The other substantial waving red flag that popped right up when the memories started flowing in was the fact my mother constantly complained about how abusive her own childhood was, not only after I made my accusation in my teens my entire life. The amount of work she and her siblings had to do and the mood swings she endured from my grandmother. She described extreme punishments such as being given cod liver oil, leaving all three of them unable to eat seafood, and being forced to take on unnecessary and punitive cleaning tasks like one might have gotten in the military, not ones needed to care for the home.
Yet she sent me to do arguably more work than she ever had to do for my grandparents; also, all the work at home she expected of me because “she had to do it, so I should too.” Not to mention, I went to public school and had an added load with advanced classes, unlike her and her home-schooled siblings. It was terrible for their education, but it sure gave them many more hours in the day to do the labor.
I will save the jobs and workload I faced for a different time as this is becoming lengthy and rambling. There have been many odd and telling statements my mother has made over the years that, taken on their own, would mean nothing but, with the knowledge I have now, are pretty damning.

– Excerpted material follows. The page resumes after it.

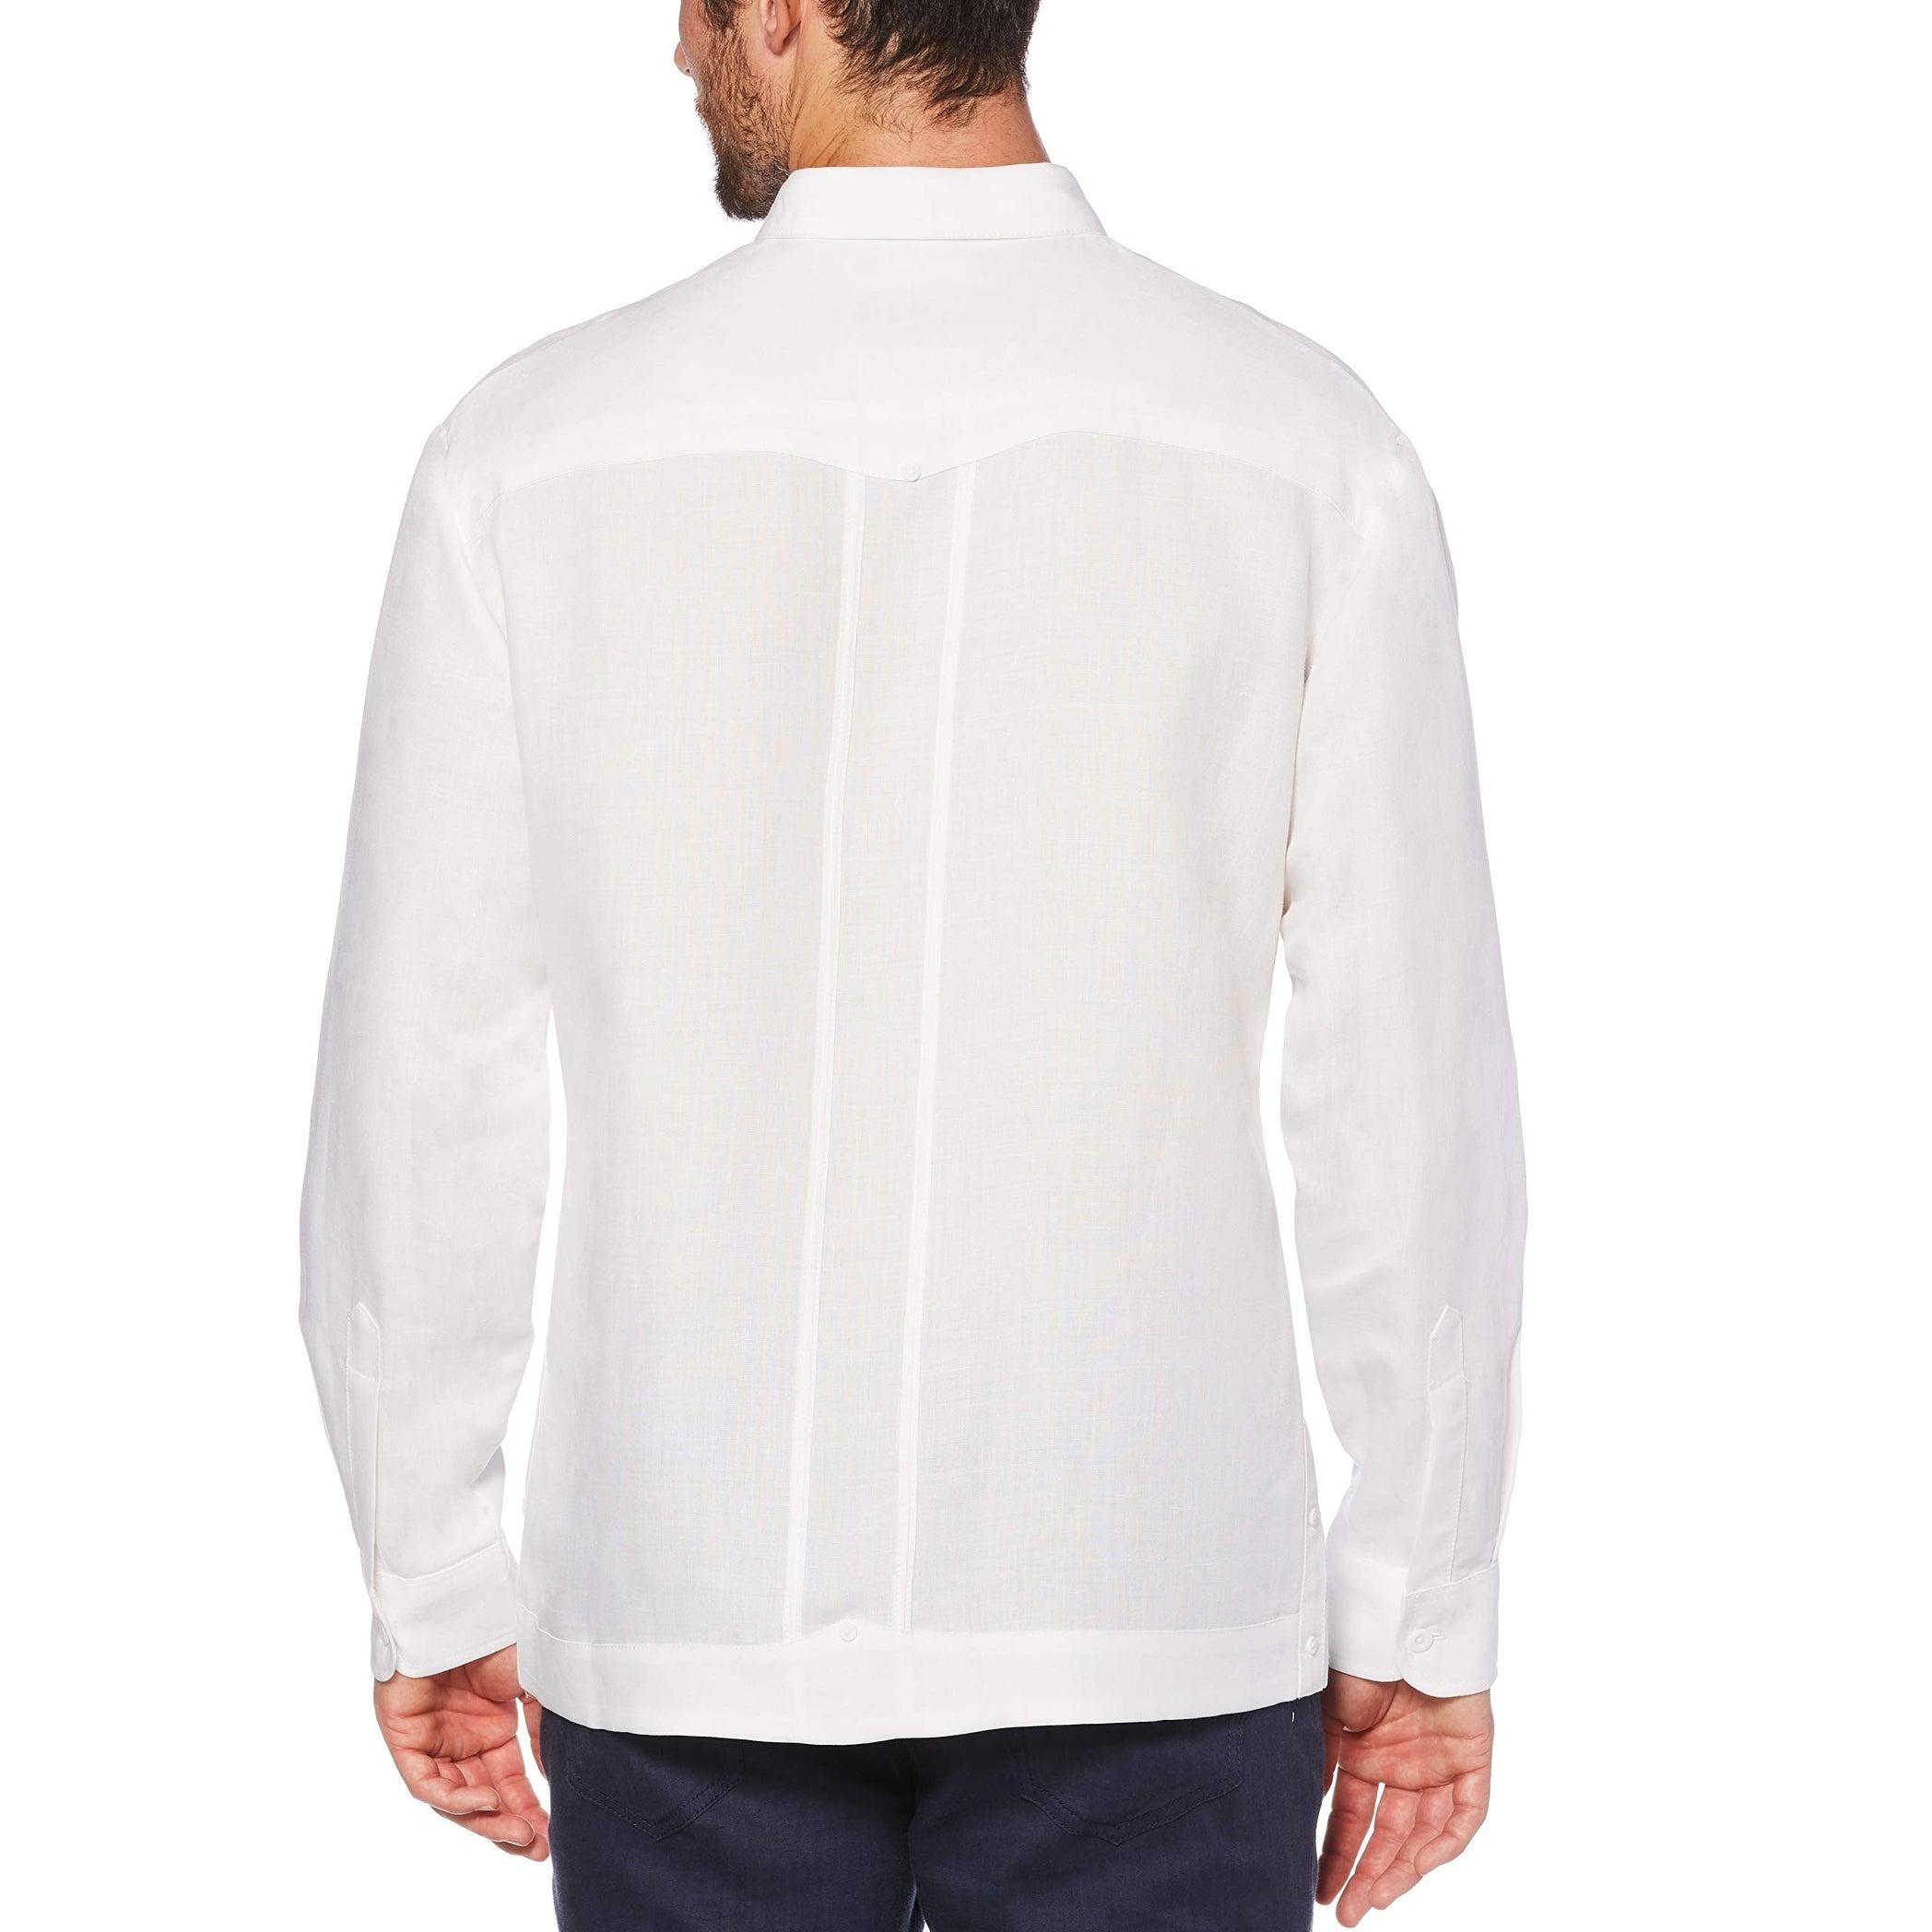 Cubavera Men/'s Short Sleeve Embroidered Guayabera Shirt Choose SZ//Color
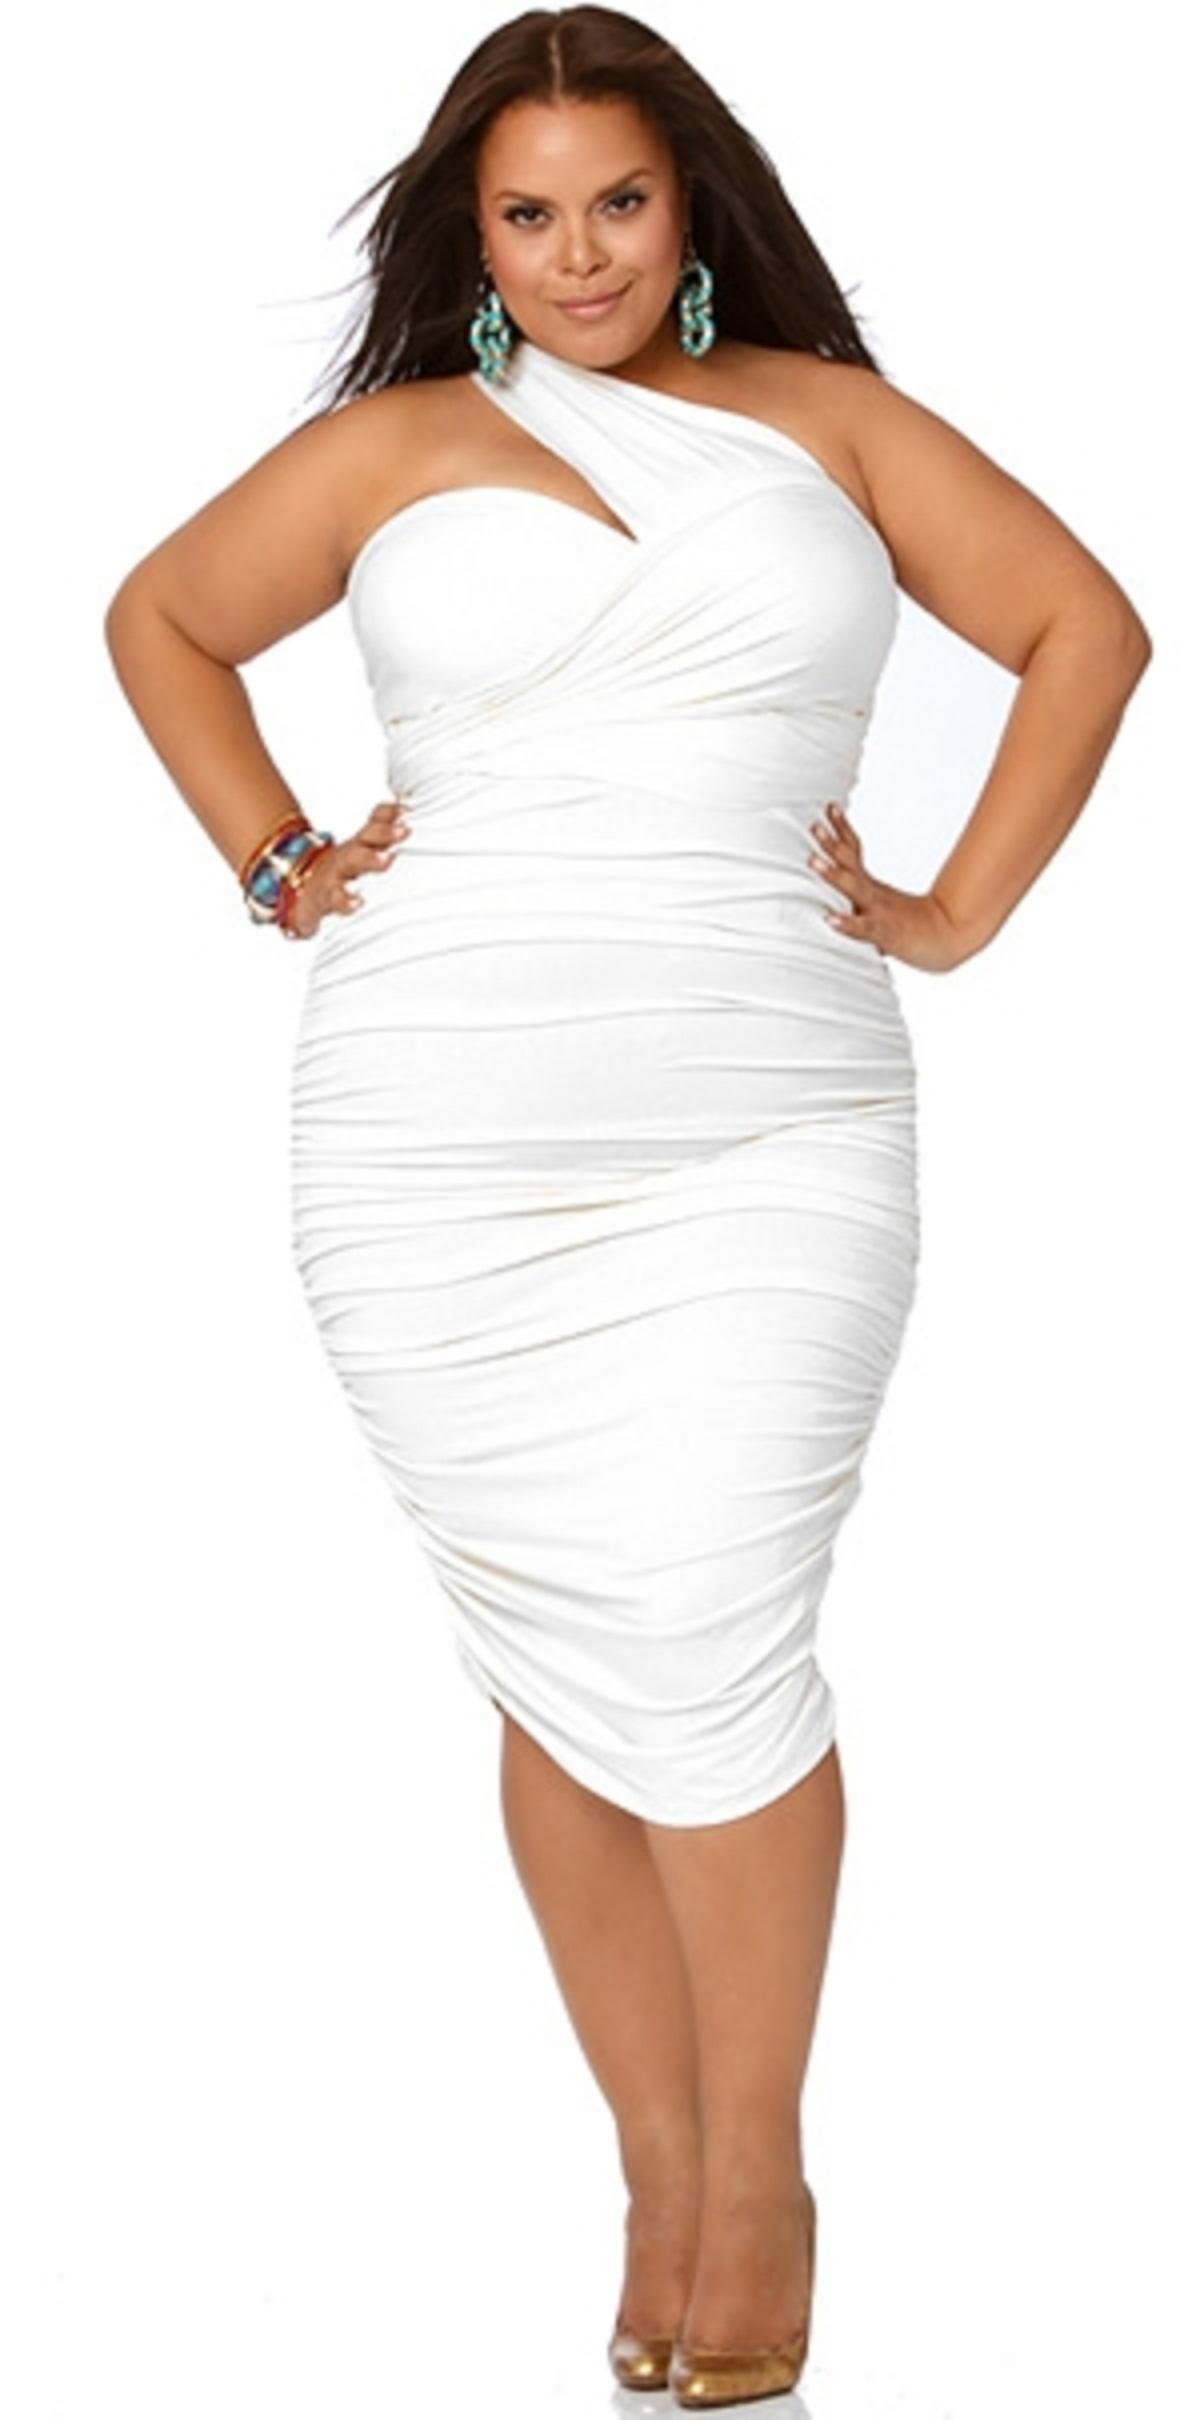 trendy white plus size dresses photo - 1 bygvgxo

The things that keep coming to mind are all the times she would use the R-word and compare me to other autistic people, saying how I wasn’t like them when I am, in fact, exactly like them. I, of course, don’t mean that I act exactly the same as the next person with autism and so on since each person with autism experiences each of the autistic traits at different levels and in their own way. What I mean is I am not some special sort of autistic that is either more or less, or better or worse. I just am; in fact, I have found I am pretty “normal” when comparing myself against a group of my autistic peers.
Recently, in one attempt to destroy my marriage, she complained that my husband reminded her of my grandfather, claiming his scent was “just like the way I used to smell when I would come home from being over there.” she went on to say “she could barely stand to hold me” at the time it upset me, as she intended. As I started thinking more clearly, I realized that was a clear indication that she had always known what was happening and even treated me poorly because of what she allowed to happen to me. Not only that, I distinctly remember what my grandfather smelled like, and she is wrong, which is what I initially latched onto and argued.
This is just an intro into the reasoning and events that have led me to break away from my family and realize the toxicity extended much farther than the seeming origin of that poison. You can’t detox yourself from a substance if you still keep taking small amounts of it in. I couldn’t see how sick gluten or coconut was making me until I thoroughly flushed every trace of those things from my system, then testing them showed the unbelievable amount of damage those foods were doing to me and making me sick for months after exposure.
Toxic relationships are like this. We don’t see how badly they affect us, how sick they are making us when we exist in the atmosphere every day. This is why sometimes just a weekend away can be enough to help you see how much better you feel away from the toxicity and how badly they are treating you when you return. Of course, that is usually only step one; at least it was for me.
I will not repeat the same detrimental behavior pattern my mother displayed. Returning to the burning roost like a brainwashed homing pigeon. I was almost caught in that cycle, but not anymore. Now that I have managed to get to the bottom of the reeking stench, I will cut the rot out at the heart and heal in peace.